Justice Roberts, writing for a unanimous Court with Justice Kavanagh sitting this one out, started with a lesson on basic grammar: “According to the ordinary understanding of how adjectives work, “critical habitat” must also be “habitat.” Adjectives modify nouns—they pick out a subset of a category that possesses a certain quality. It follows that “critical habi­tat” is the subset of “habitat” that is “critical” to the con­servation of an endangered species.”  Further reviewing the statute in context, the Court concludes that “Even if an area otherwise meets the statutory definition of unoccupied critical habitat because the Secretary finds the area essential for the conservation of the species, Section4(a)(3)(A)(i) does not authorize the Secretary to designate the area as critical habitat unless it is also habitat for the species.” Because the Fifth Circuit concluded that “critical habitat” designations under the statute were not limited to areas that qualified as habitat, it did not interpret the term “habitat” in Section 4(a)(3)(A)(i) or assess the Service’s administrative find­ings regarding Unit 1. Consequently, the Court vacates the judg­ment below and remands to the  Fifth Circuit to con-sider these questions.

In addition, the Court finds the decision of the Secretary is reviewable under the Administrative Procedures Act. The Court of Appeals did not consider Weyerhaeuser’s claim that the economic impact analysis was faulty  because it concluded that a decision not to exclude a certain area from critical habitat is discretionary and therefore unreviewable. But the Court recognizes, sensibly, that agency decisions have authority to set aside agency action that was arbitrary, capricious, or an abuse of discretion. And “A court could never determine that an agency abused its discretion if all matters committed to agency discretion were unreviewable.” Nevertheless, when the action is discretionary, the courts have narrowly restricted review to only circumstances where the statute is so narrowly drawn that “a court would have no meaningful standard against which to judge the agency’s exercise of discretion.” The Court rejects the government’s argument that the decision is unreviewable, finding instead that…

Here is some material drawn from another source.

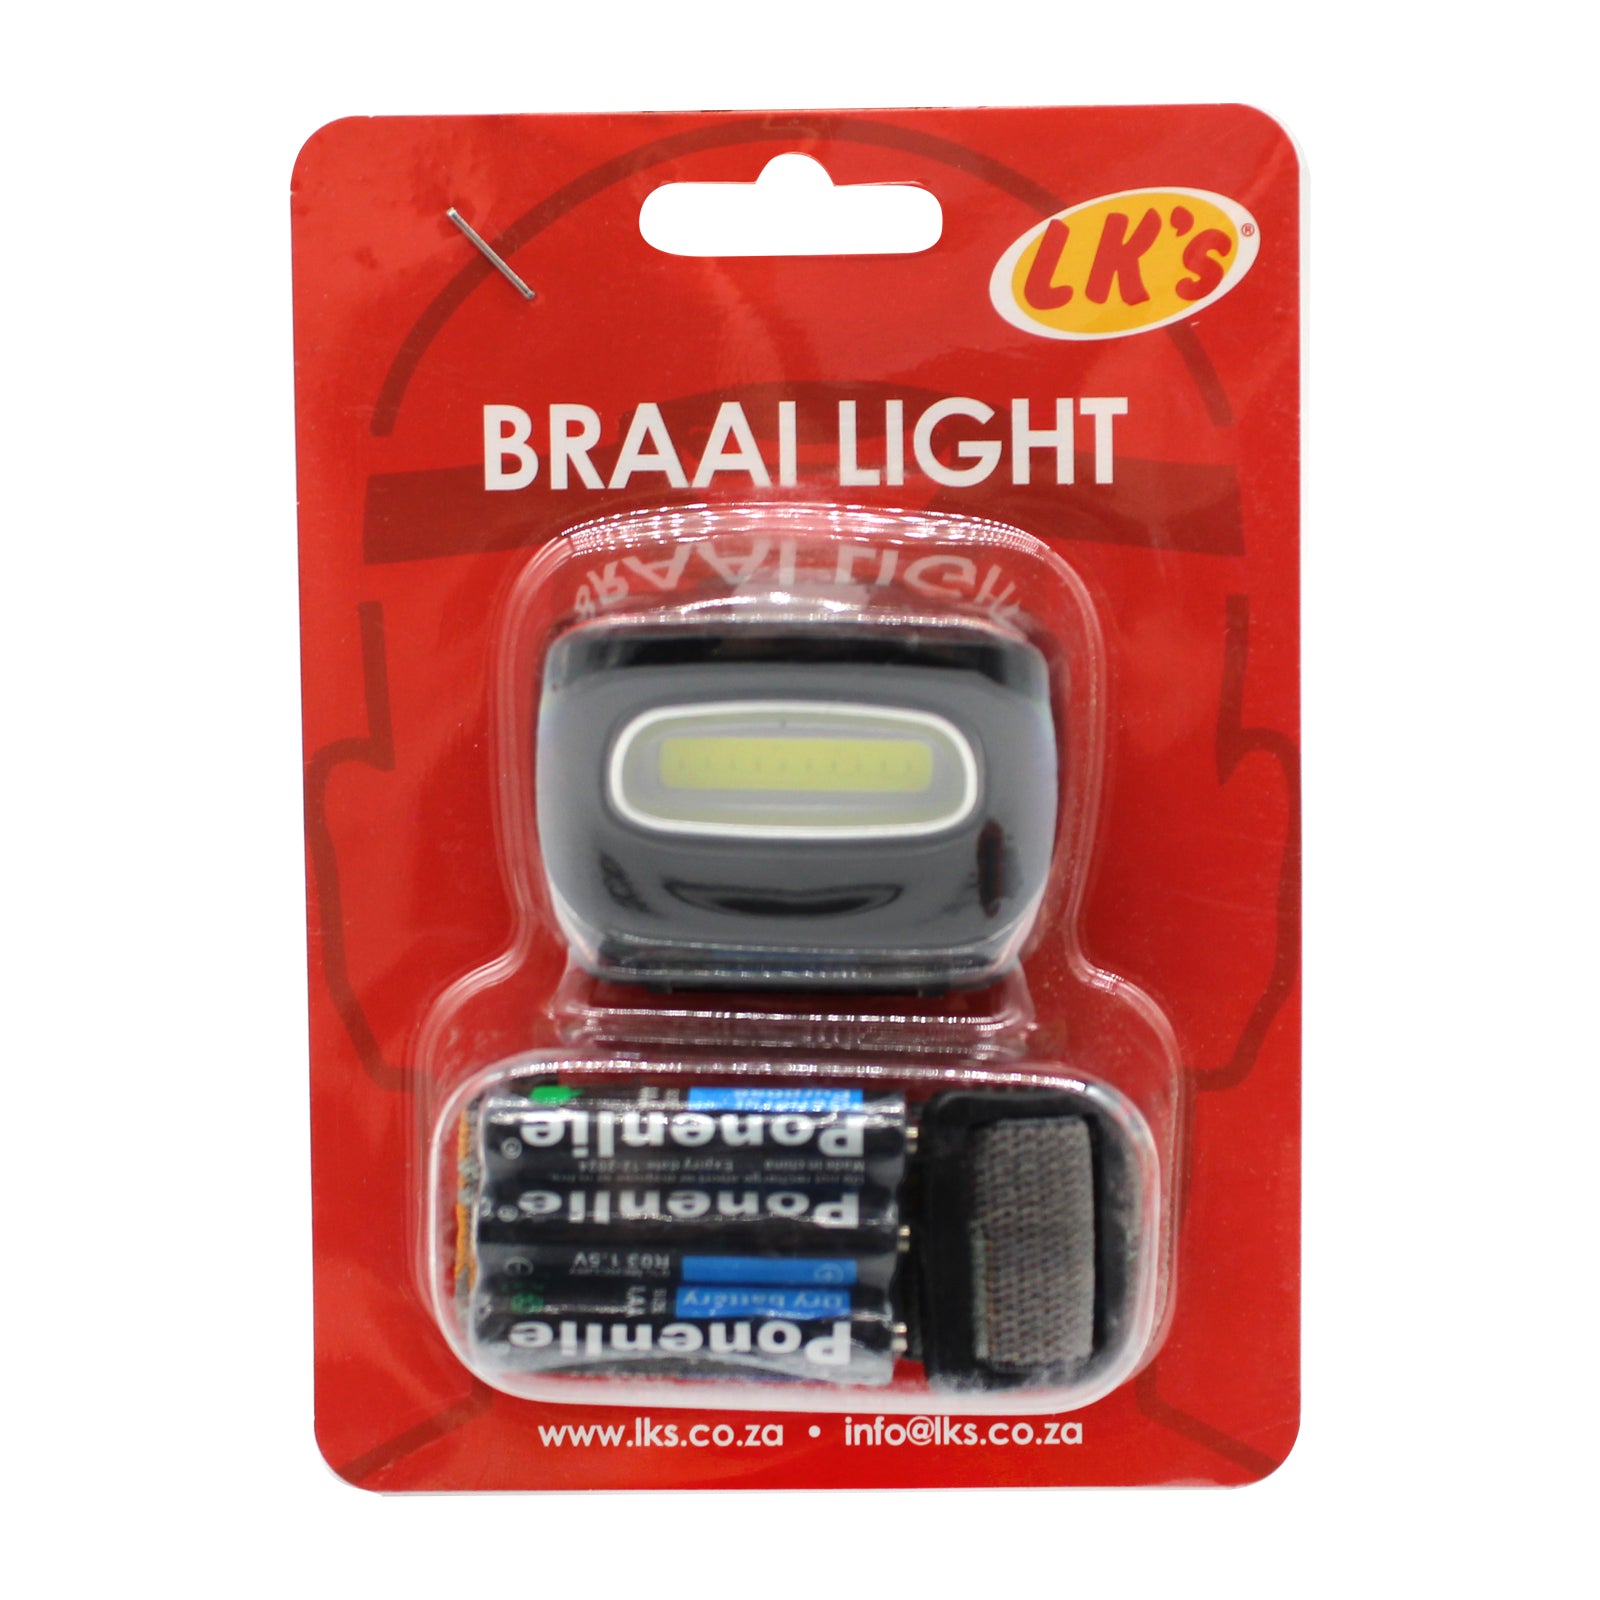 LK's Braai Light in Packaging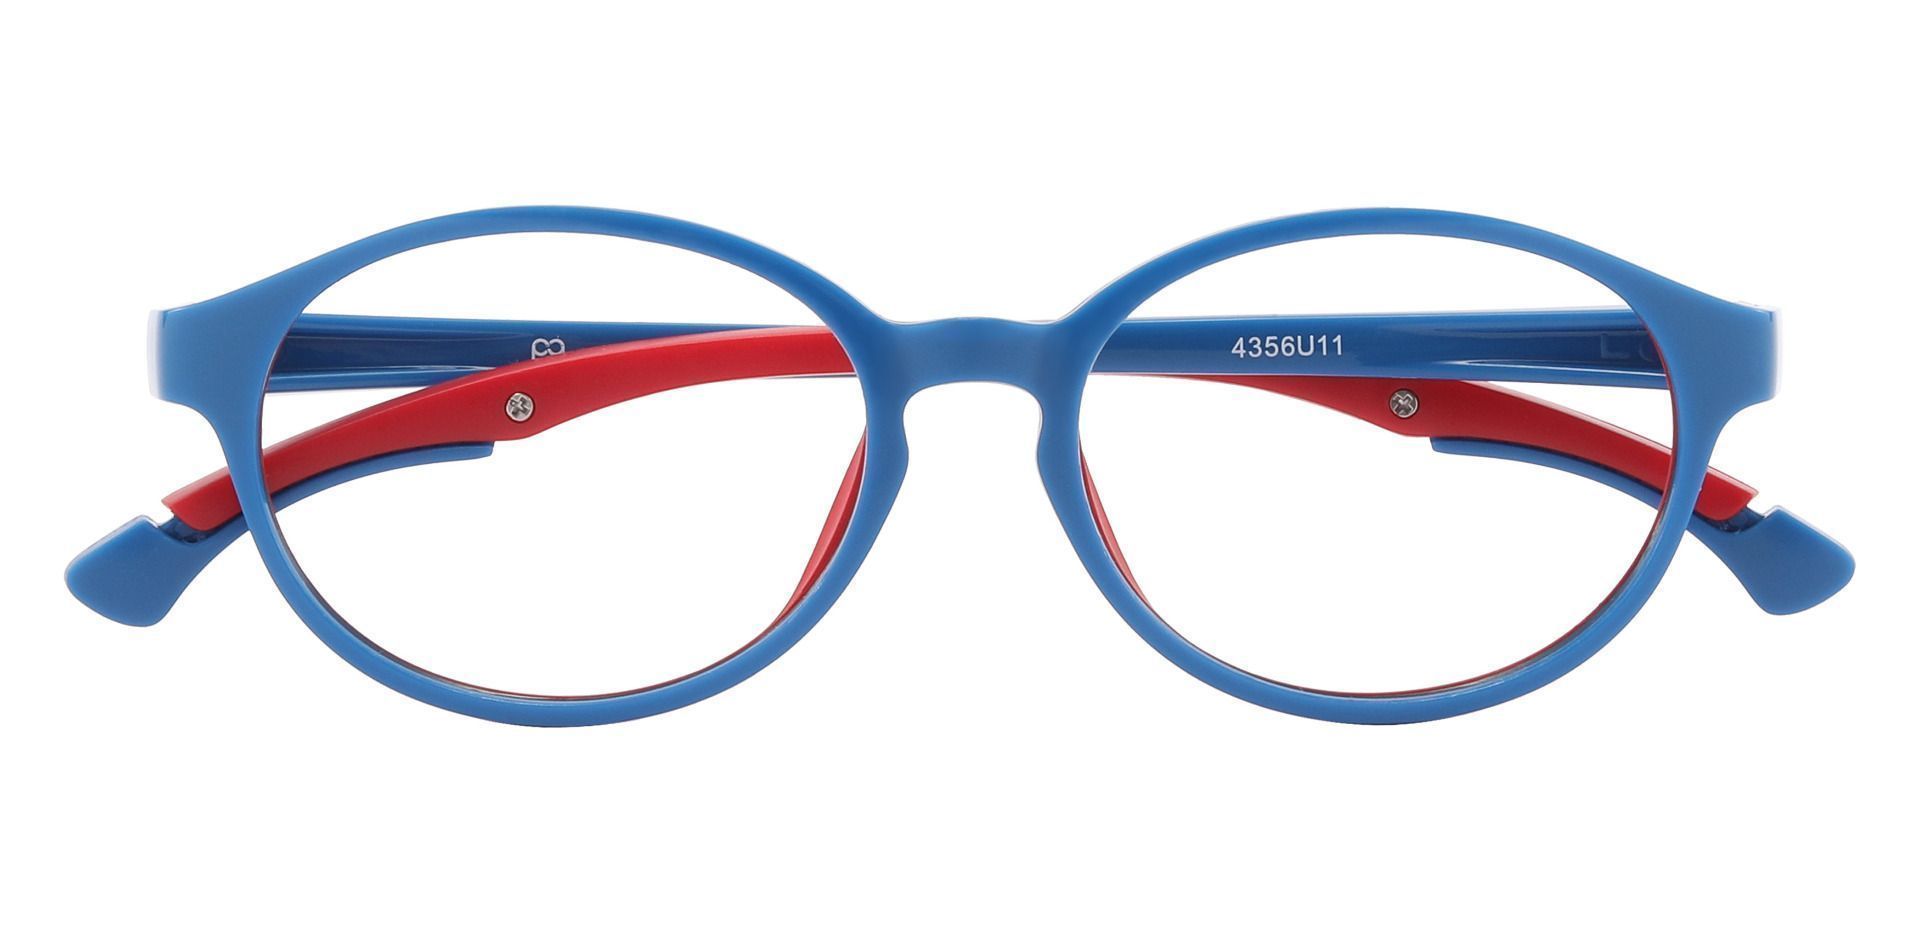 Quest Oval Prescription Glasses - Blue

“Weyerhaeuser’s claim is the familiar one in administrative law that the agency did not appropriately consider all of the relevant factors that the statute sets forth to guide the agency in the exercise of its discretion… This is the sort of claim that federal courts routinely assess when determining whether to set aside an agency decision as an abuse of discretion . . . . ”

Because the Fifth Circuit did not consider whether the Service’s assessment of costs and benefits of the designation were flawed, the case is remanded to consider that question.